James Ryder van Brunt

American Art

Throughout his career, the Brooklyn artist James Ryder van Brunt specialized in watercolors of local historic sites, farmhouses, and churches painted in a conventional, topographical style. His subject matter reflected a personal interest in the region’s Dutch heritage; his own ancestors had settled here in the seventeenth century. This picture depicts his grandfather’s homestead near what is now Third Avenue between Eighth and Eleventh streets (the Gowanus Creek is at the left).
MEDIUM Opaque and transparent watercolor and graphite on wove paper mounted to pulpboard
DATES ca. 1865
DIMENSIONS 14 3/4 x 18 in. (37.5 x 45.7 cm) Frame: 18 x 24 x 1 1/2 in. (45.7 x 61 x 3.8 cm)  (show scale)

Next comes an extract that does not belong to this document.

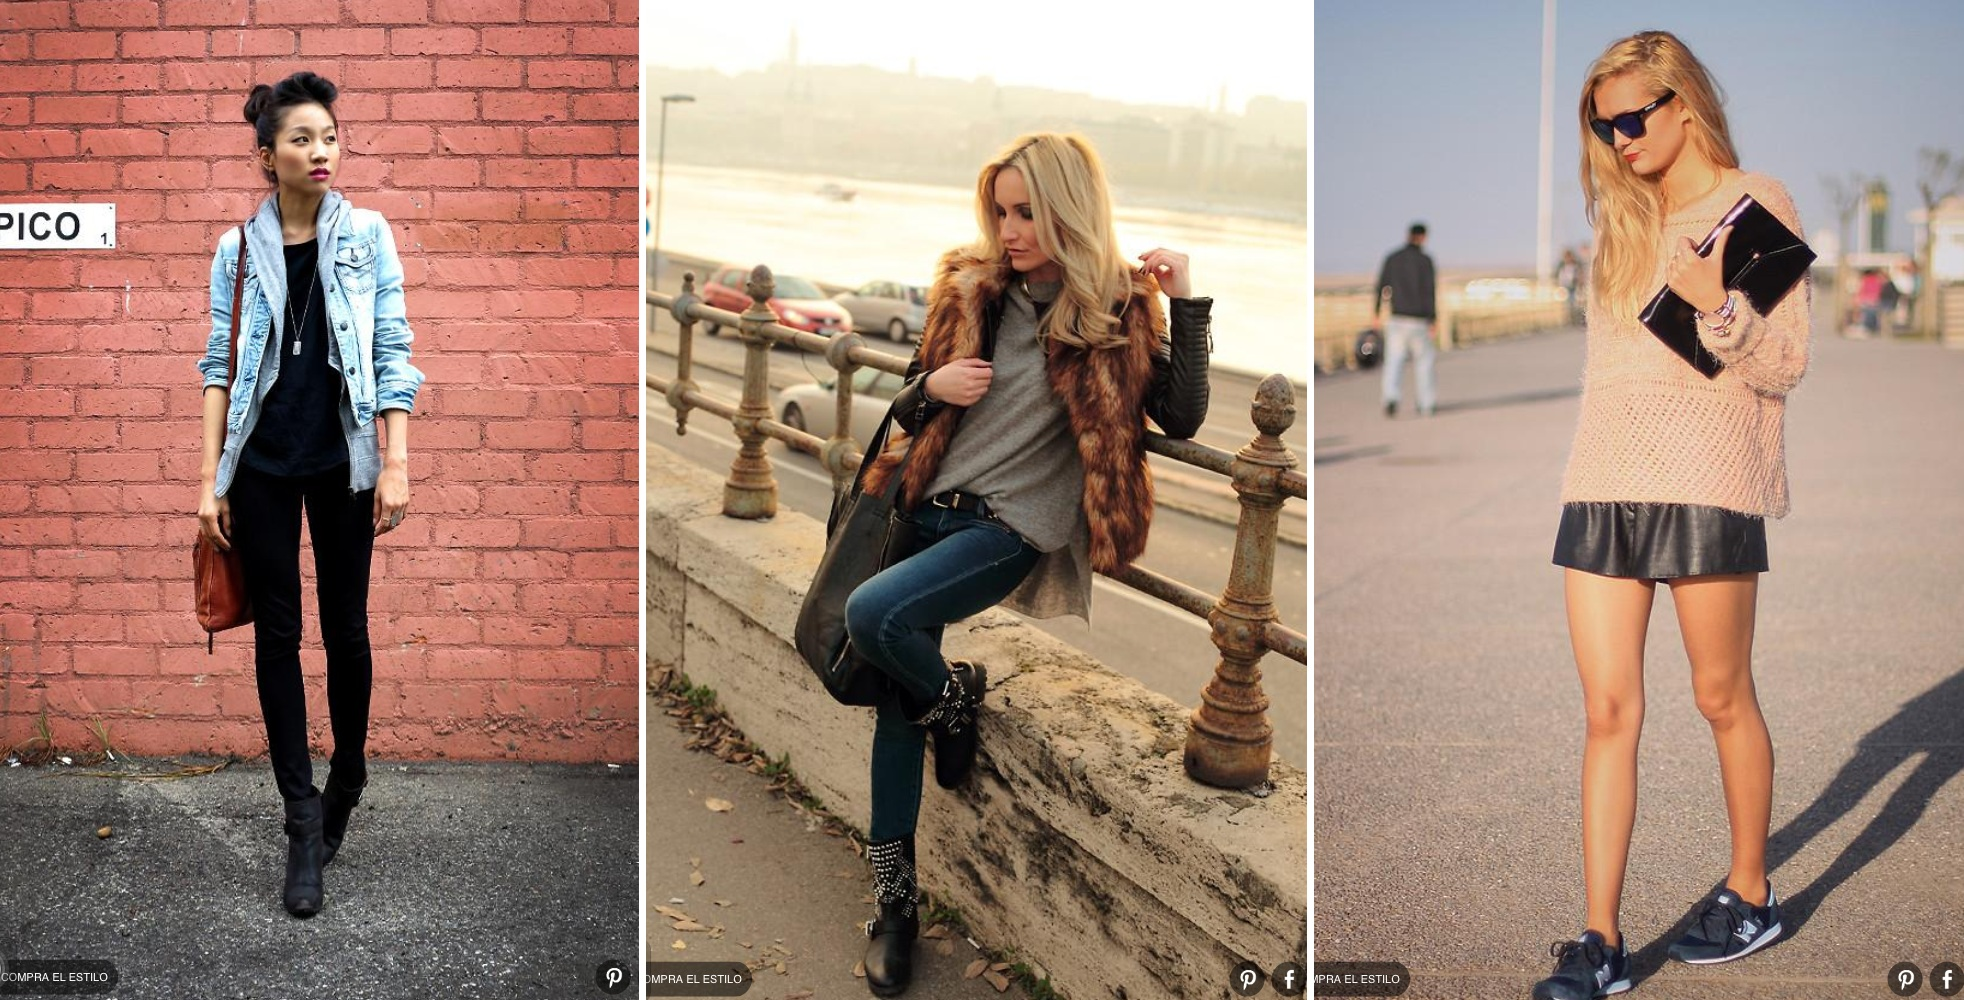 Pics of inspiration-48647-

INSCRIPTIONS Inscribed on cardboard backing on frame: "An early view of rural Bklyn. / "The Van Brunt Homestead" / At Lip Denton's Mill, at the water's edge / By James Rider Van Brunt 1820-1913"
COLLECTIONS American Art
ACCESSION NUMBER 1999.112
CREDIT LINE Bequest of Miriam Godofsky
MUSEUM LOCATION This item is not on view
CAPTION James Ryder van Brunt (American, 1820–1916). Van Brunt Homestead, ca. 1865. Opaque and transparent watercolor and graphite on wove paper mounted to pulpboard, 14 3/4 x 18 in. (37.5 x 45.7 cm). Brooklyn Museum, Bequest of Miriam Godofsky, 1999.112 (Photo: Brooklyn Museum, 1999.112_transpc002_edited.jpg)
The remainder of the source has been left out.